Hi all. Looking into getting a 6" petty/utility knife. I'm a very serious home cook, not a pro. Take good care of my knives though.

I've been planning to get a Mac pro, I have the 5" version and its a nice little knife. However, I really love my Masamoto VG gyuto, I have the 210 and am going to get the 240 soon. My question is- would the Masamoto VG petty be worth the extra $30 over the Mac?

Thanks,

Chris


----------



## rick alan (Nov 15, 2012)

Haven't used either, but would go with the MAC here for the savings as I don't believe the Masamoto VG has any advantages, and they have been having reported FF issues for a while now.


----------



## scott livesey (Jan 25, 2013)

have you looked at Ajikiri style knives? here is a link to some http://knifejapan.com/knife-types/ajikiri/. they are basically a baby deba. at some Japanese knife sites, you won't find Ajikiri, but they will have deba as short as 85mm. I have several and use them for most prep work. just an option from a petty that looks like a big paring knife


----------



## millionsknives (Apr 25, 2014)

Not really what ajikiri is for at all, single bevel edge doesnt hold up to board work


----------



## tarak (Feb 20, 2017)

Thanks all. I'm probably not interested in an ajikri at this time- I'm a little bit of a traditionalist - I think I'd like a straight forward petty. Thank you though. Maybe someday.

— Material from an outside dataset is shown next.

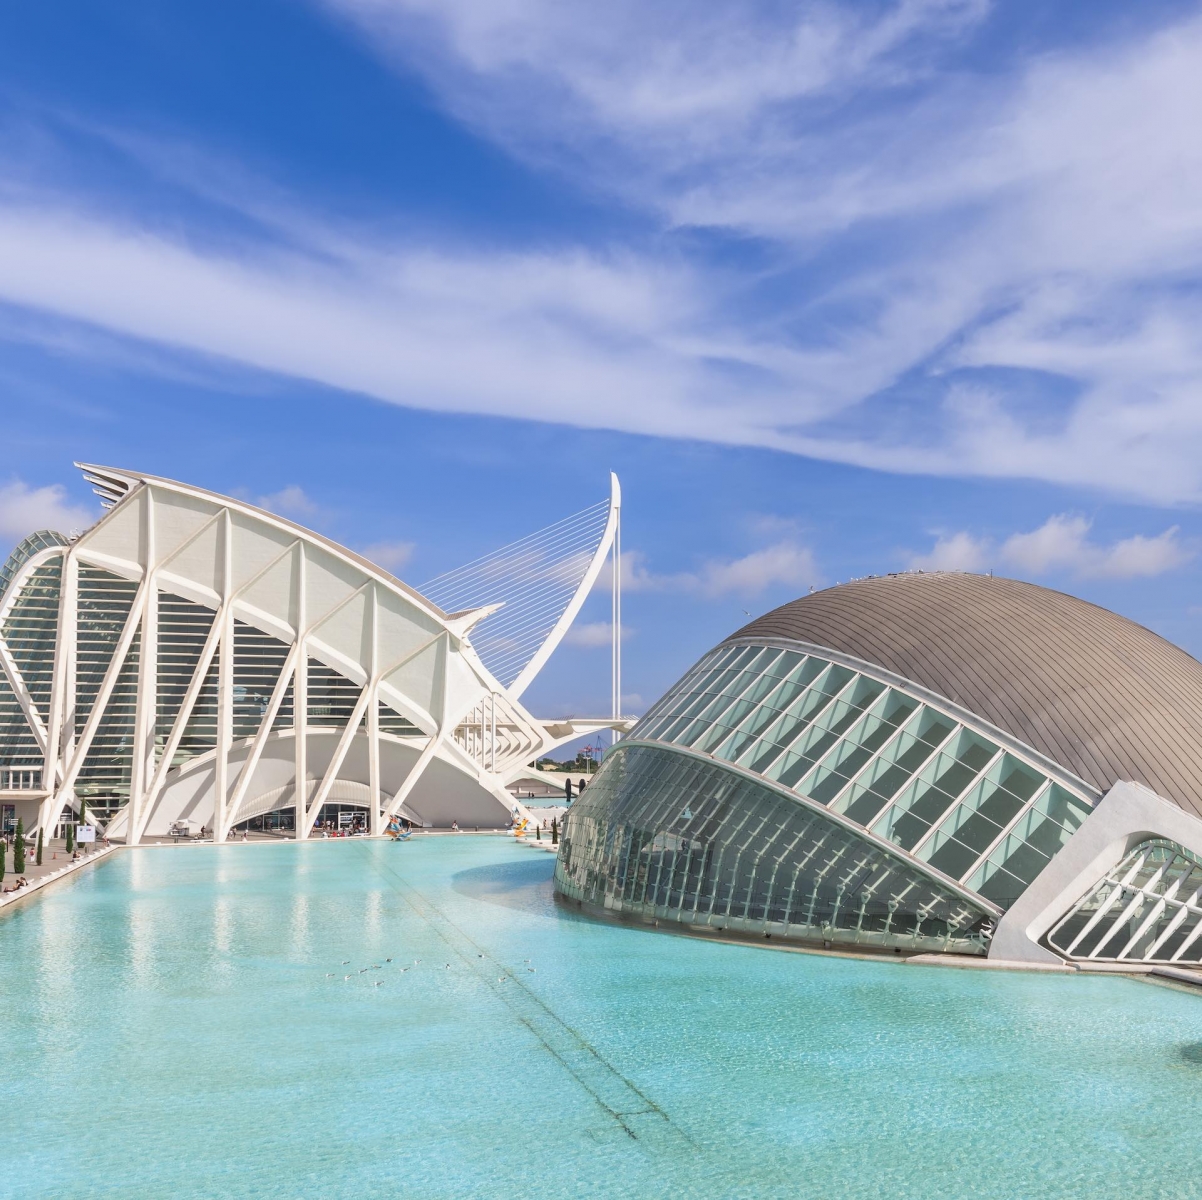 El Hemisfèric es un edificio singular y espectacular, diseñado por Santiago Calatrava, que representa un gran ojo humano, el ojo de la sabiduría.  Este elemento simboliza la mirada y observación del mundo que los visitantes descubren a través de sorprendentes proyecciones audiovisuales.
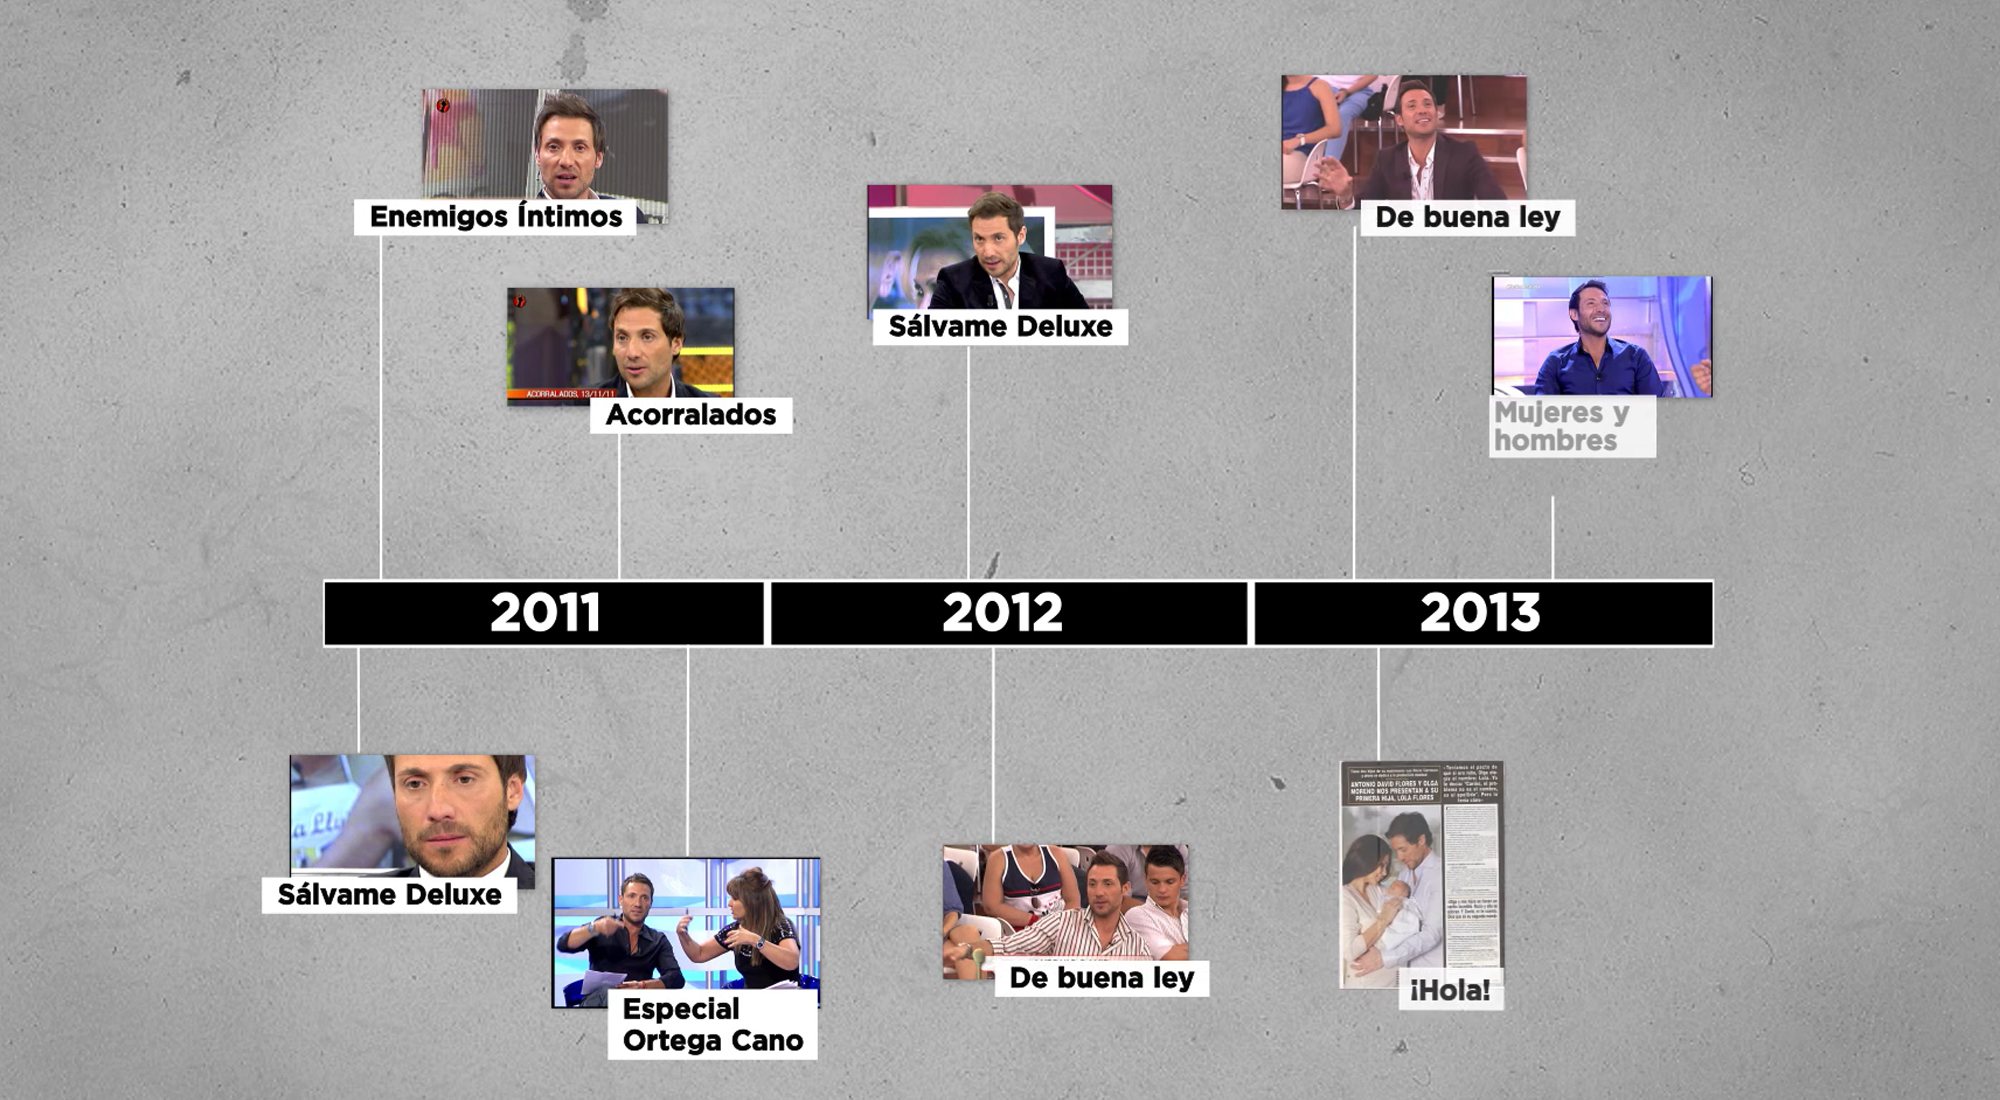 Las intervenciones televisivas de Antonio David entre 2011 y 2013

Rick Alan- my Masamoto has zero Fit and finish issues, that has been my experience with one knife.


----------



## foody518 (Aug 6, 2015)

Are you going to be using the 5" for other things when you get the new 6"?


----------



## mike9 (Jul 13, 2012)

Not for nothing, but the Tojiro ITK 150mm KU Petty is an excellent knife and one of the tallest of many out there. For $40 it's a no brainer IMO.

http://www.chefknivestogo.com/toshitk15pe.html


----------